Na defesa de uma causa, sobretudo naquelas mais difíceis ou impopulares, o criminalista, como afirmou o grande advogado Sobral Pinto, precisa muitas vezes “ser veemente, apaixonado, causticante”. E assim o foi Mestre Sobral, entrando para a história da advocacia, ao invocar em favor de seu cliente Luiz Carlos Prestes, líder da intentona comunista preso e torturado durante a ditadura getulista, depois de recusados todos os seus pleitos e recursos, a Lei de Proteção aos Animais...

Por isso mesmo, como diz Rafael de Almeida Magalhães, “o advogado precisa da mais ampla liberdade de expressão para bem desempenhar o seu mandato. Os excessos de linguagem que porventura cometa na paixão do debate, lhe devem ser relevados”.

Mas quem melhor sintetizou a beleza da advocacia criminal e a imprescindibilidade da atuação do criminalista, foi o notável presidente do Supremo Tribunal Federal, ministro Ribeiro da Costa, corajoso defensor da democracia durante a ditadura militar, que, em histórico acórdão, escreveu: “Só uma luz nesta sombra, nesta treva, brilha intensa no seio dos autos. É a voz da defesa, a palavra candente do advogado, a sua lógica, a sua dedicação, o seu cabedal de estudo, de análise e de dialética. Onde for ausente a sua palavra, não haverá justiça, nem lei, nem liberdade, nem honra, nem vida...”

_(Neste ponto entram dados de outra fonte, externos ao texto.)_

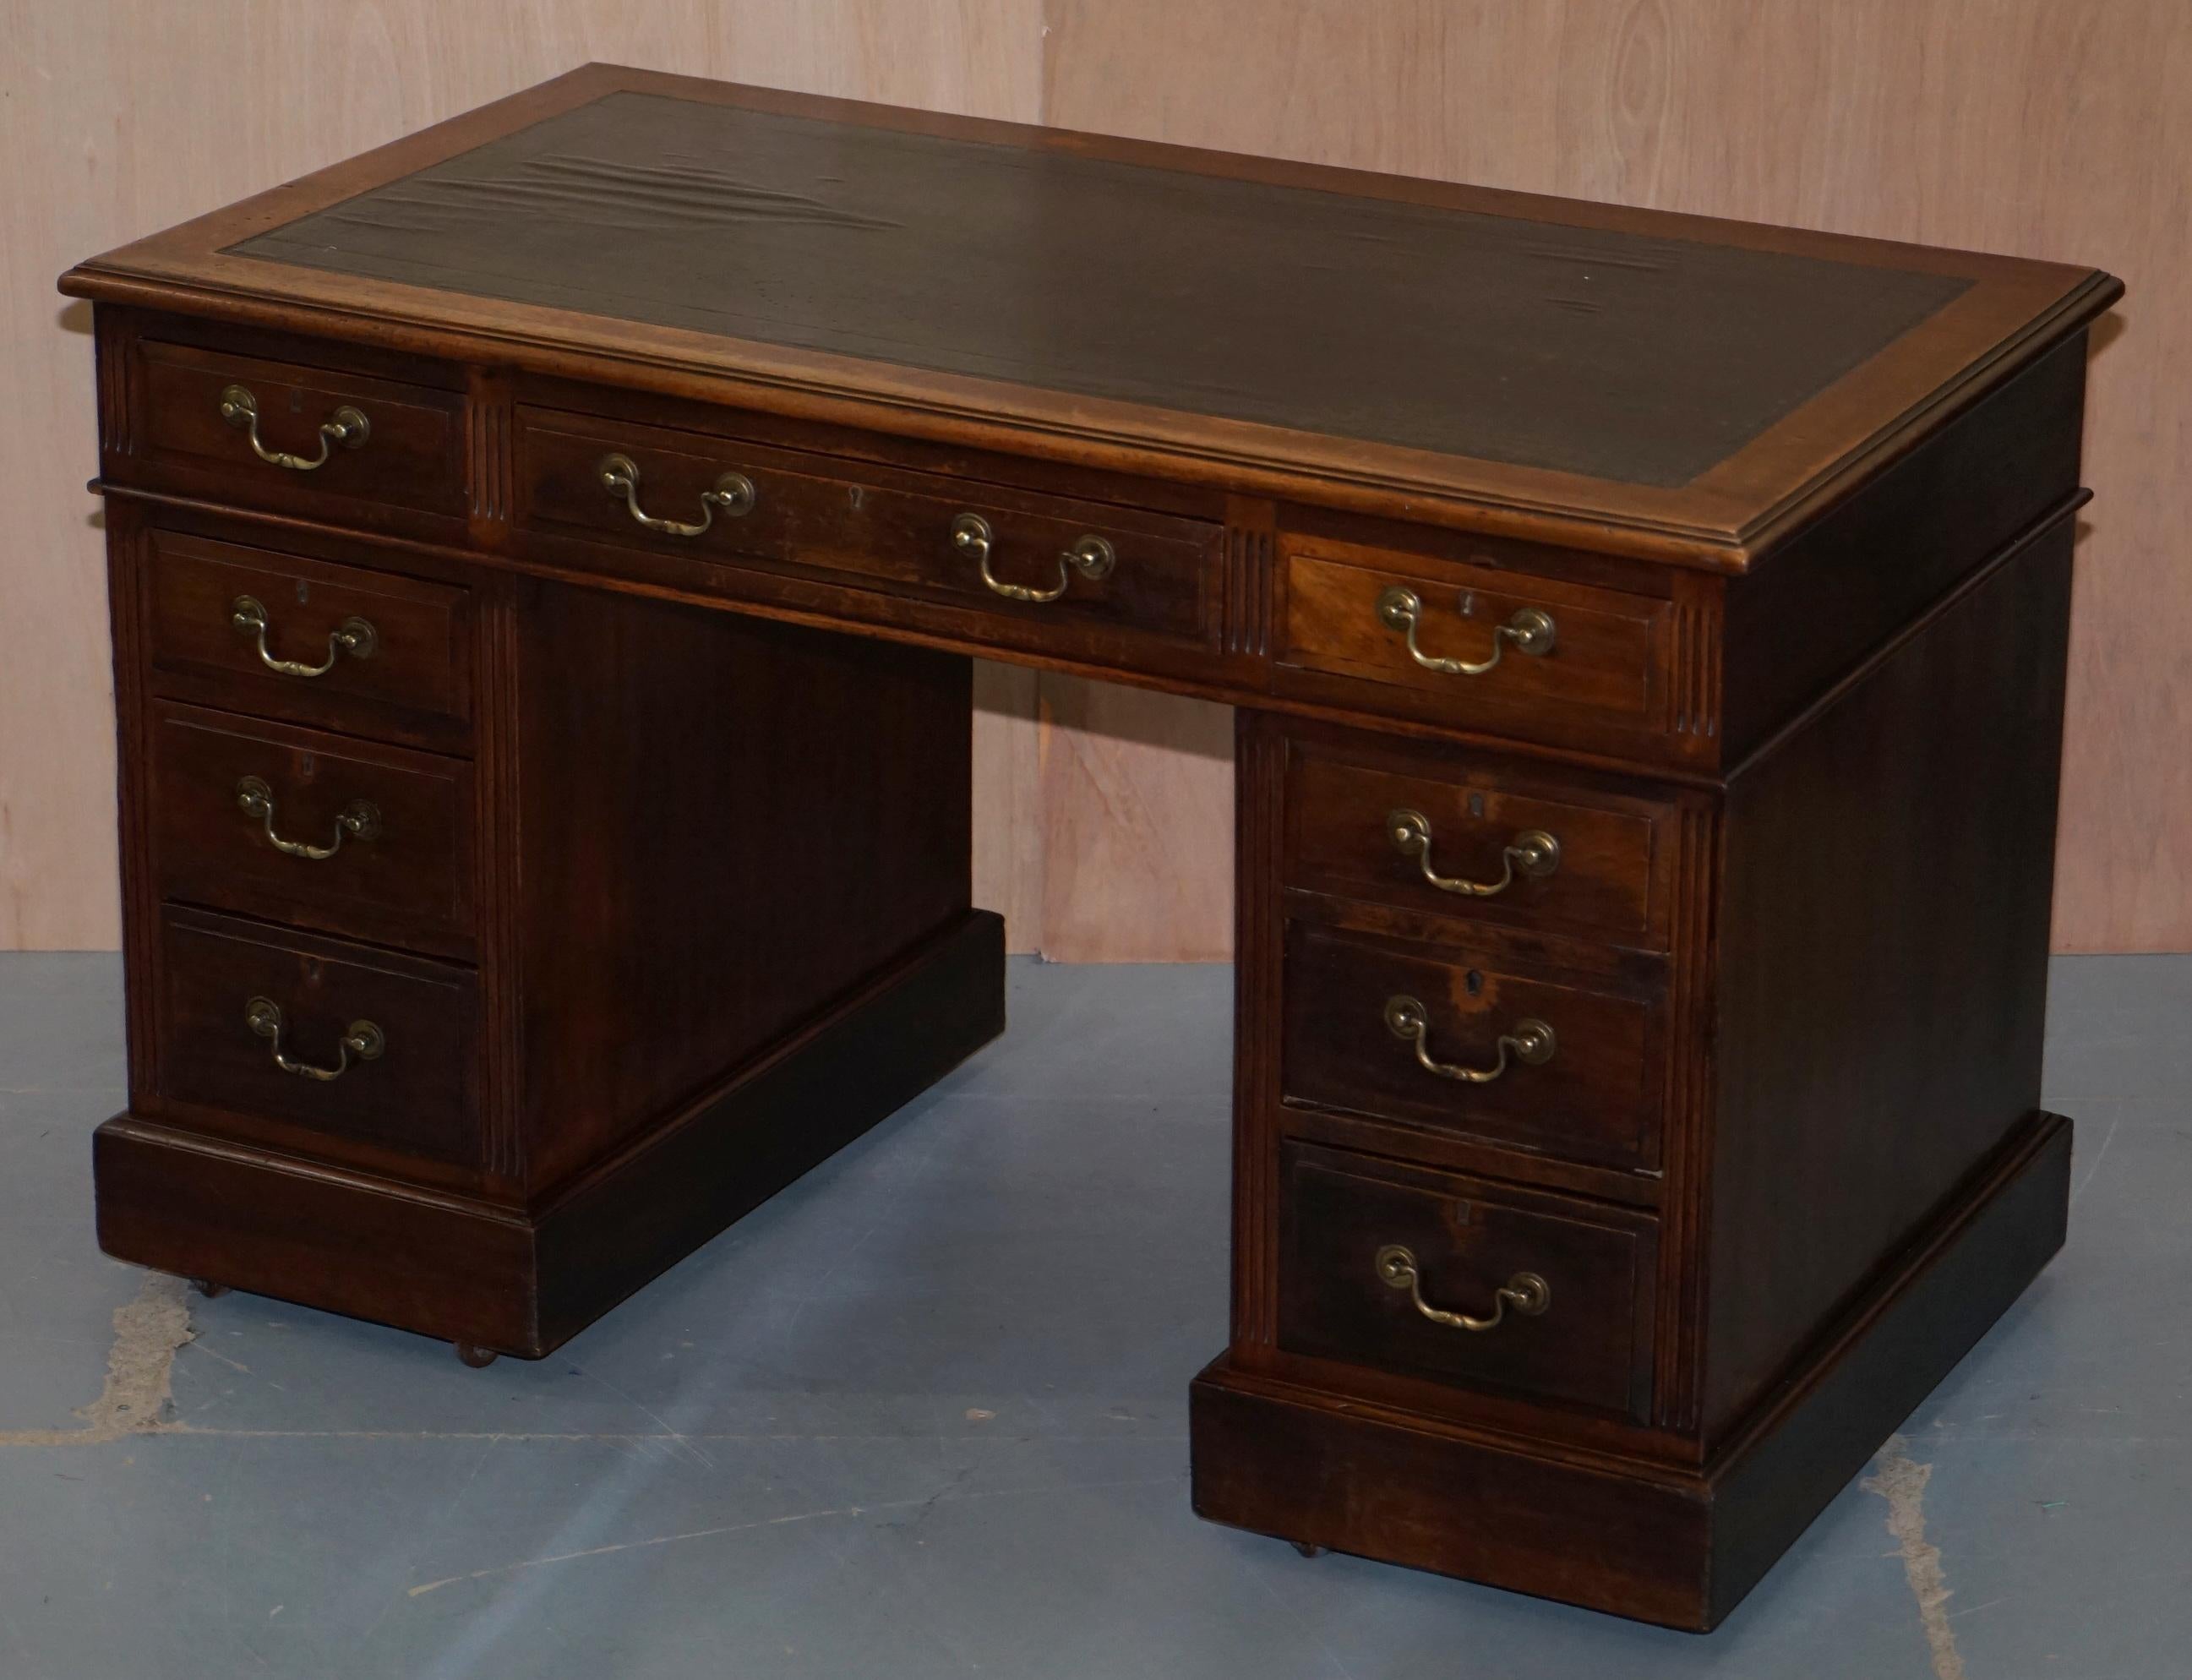 Hand-Crafted Lovely Victorian circa 1880 English Panelled Hardwood Twin Pedestal Partner Desk For Sale
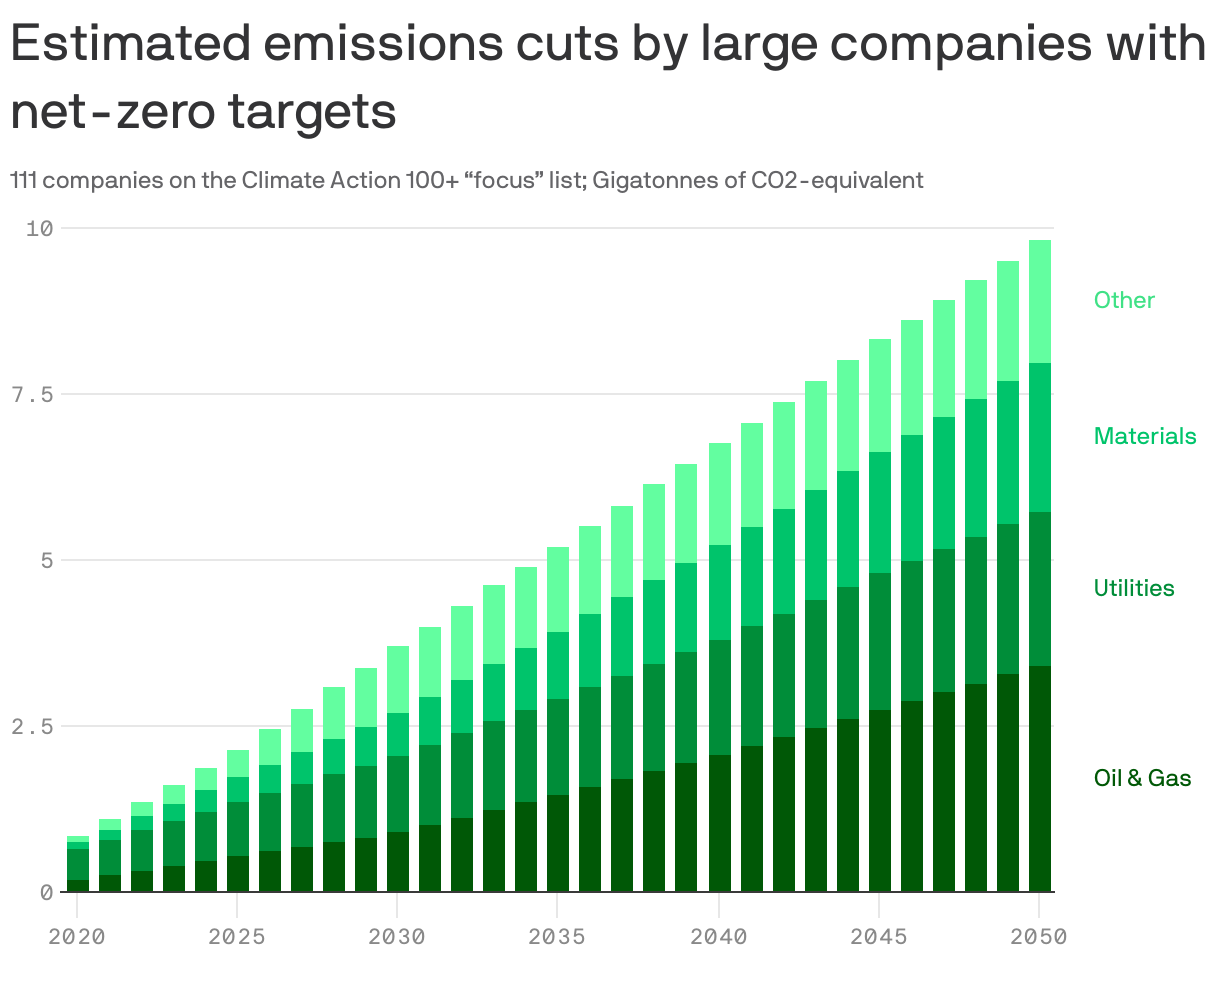 Estimated emissions cuts by large companies with net-zero targets

Roberto Delmanto é advogado criminalista formado pela Faculdade de Direito da USP, foi membro do Conselho de Política Criminal e Penitenciária do Estado de São Paulo e do Ilanud (Instituto Latino Americano das Nações Unidas para a Prevenção do Delito e o Tratamento do Delinqüente). É co-autor do “Código Penal Comentado” e das “Leis Penais Especiais Comentadas”, e autor dos livros de crônicas “Causos Criminais” e “Momentos de Paraíso - memórias de um criminalista”, todos pela Editora Renovar.


Estado do Paraná, Caderno Direito e Justiça, 06/04/2008.